Why I Have Personal Goals Too
Why maintaining a professional and personal balance is key in running a business.
Last year was a good year in terms of my efforts. In the pursuit of earning $10,000 last year, I only earned roughly $4,000. While it’s still an impressive feat for me considering my circumstances, this year is a bit different.
I’ve set a loftier money goal, but I also added a year-long goal that has nothing to do with my business.
I set a personal goal that has been in the back of my mind for some time and it’s about time I tackled it once more.
But why do this so suddenly?
Wouldn’t it be smarter to have only one big goal to work towards and leave it at that?
The reason I have this secondary goal I wish to pursue all year round is not a matter of whether it’s smart or not. Rather, it’s necessary for a variety of reasons.

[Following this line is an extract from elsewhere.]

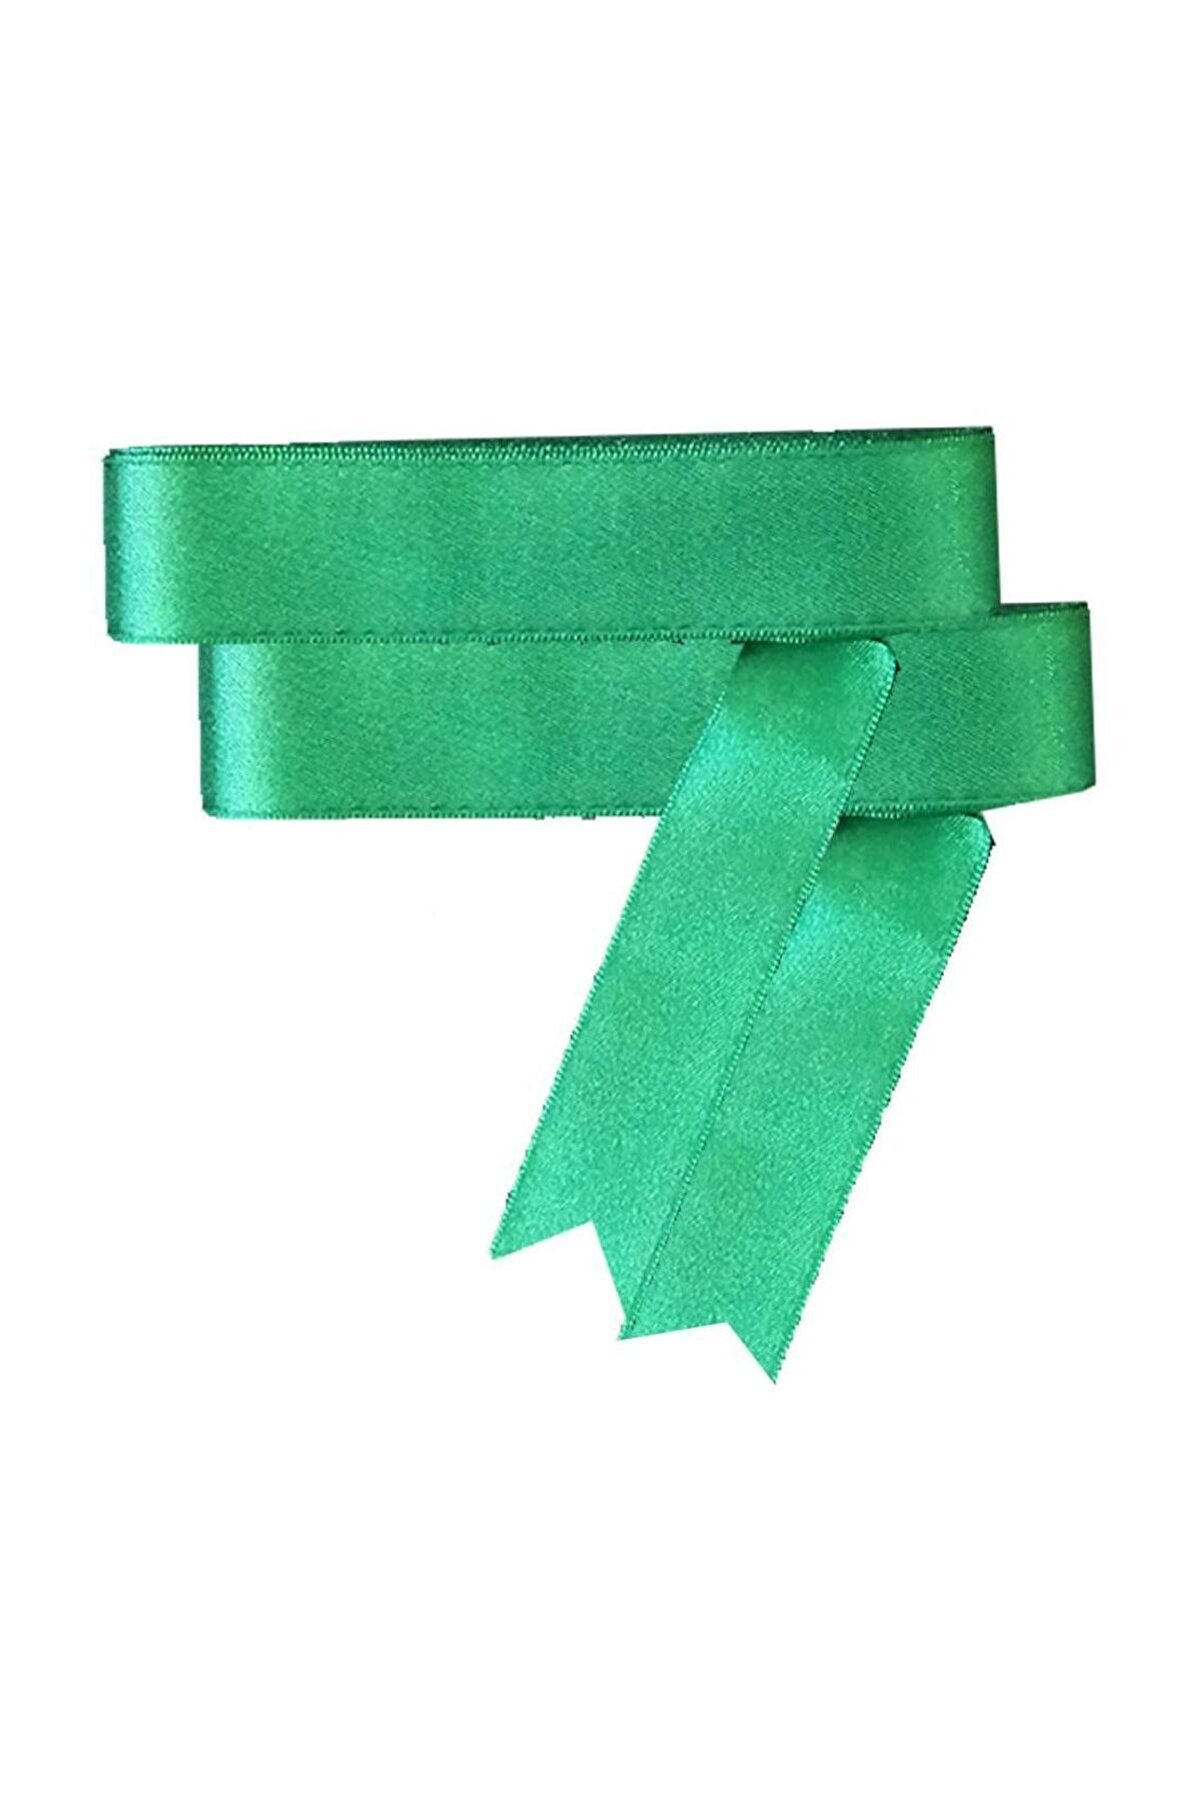 Parti Dolabı Koyu Yeşil Saten Kurdele 10mt, 30mm (3cm) Kalınlığında

Keeps You Close To Core Values
Goals are a projection of who we wish to be at some point in time.
The act of pursuing our goals is the progression of who we are becoming who we wish to be.
As such we want to ensure that the pursuit of our goal and achievement of that goal will shape us into who we want to be.
Going deeper than that means that we are acquiring and developing the values that this goal will bring us.
This is key to understand because for me personally, I’m someone who likes to keep everything in balance.
I’m not all work, work, work, but at the same time, I’m someone who wants to end the day with feeling like I’ve done something productive. That I’ve made some level of progress in improving my life.
The year-long goals that I’ve set are a reminder of that balance.
My money goal is a reminder I still have a business to run and should leverage it at every turn.
But I also have some personal goals as a reminder that I shouldn’t all be business.
This isn’t a matter of work-life balance or anything. It’s a matter of understanding what type of person you are and how you work.
Provides A Reward Outlet
We all pursue goals for the opportunity to receive a reward. While the overarching goal is satisfying, many of us need to reward ourselves during the process as well.
It’s in those particular circumstances where we tend to trip ourselves up a bit.
If we have a productive day and made a sizeable leap towards our goal one day, we may reward ourselves by doing nothing the next day.
How many times do you think that’s happened to people?
It’s happened a lot to me, that’s for sure.
But this time, it’s a bit different. I’m training myself now to reward myself in a different manner.
Last year I tried to reward myself by doing more work, but it fell a bit short for me. This year is a bit different because I have a little more structure. I have more vision for what I want to be doing over the day and where I can fit my rewards in.
The other personal goals I have are merely an outlet. I have allowed myself the opportunity to do those personal goals during specific times and that can help me on so many levels. The same applies to you.
We all deserve rewards. They are what push us forward and keep us motivated. But it’s worth asking two key questions:
What is the best type of reward for us?
How should we present it?
You want the reward to be good and push you forward rather than stall, or slow down your momentum. You also want to present it in a way that is suitable for you.
For me, I’m merely presenting it as a massive goal I can focus on when I feel satisfied with my business progression for the day.
Keeps You Engaged
While one major goal in life can keep you engaged, a second goal can reinforce it. Much like with having one goal you are dedicated to, I believe setting some personal goals can keep you invested in your life and well being.
For many entrepreneurs, we lead very busy lives. It’s not out of the question for entrepreneurs to neglect their health, both physically and mentally. With reports saying that upwards of 72% of entrepreneurs suffering from a mental illness, it makes sense that we need a little bit of time to ourselves.
A time to refocus and yet keep ourselves engaged and focused on our lives.
For sure our business goals are important, but I believe setting personal goals — even if they feel very much like secondary or supplemental goals — can be therapeutic.
It gives us a chance to look at what’s going on inside of our head in some fashion.
On top of that, who’s to say your personal goals can be tied to your business in some way?
One of my personal goals is to hit a target weight and I’ve been writing plenty of articles on it. Not to mention I’d like to leverage it more in the future.
This is on top of the usual benefits and habits that those goals bring. Improving my health means working out more, going for more walks, amongst other things. Those types of activities improve our health in many ways.
Goals are simple on the surface, but digging into them further can reveal many complexities to them.
Many of those complexities can reveal many benefits and develop further than we thought initially. It all boils down to how you choose to see goals, set goals, and how you treat them in your daily life.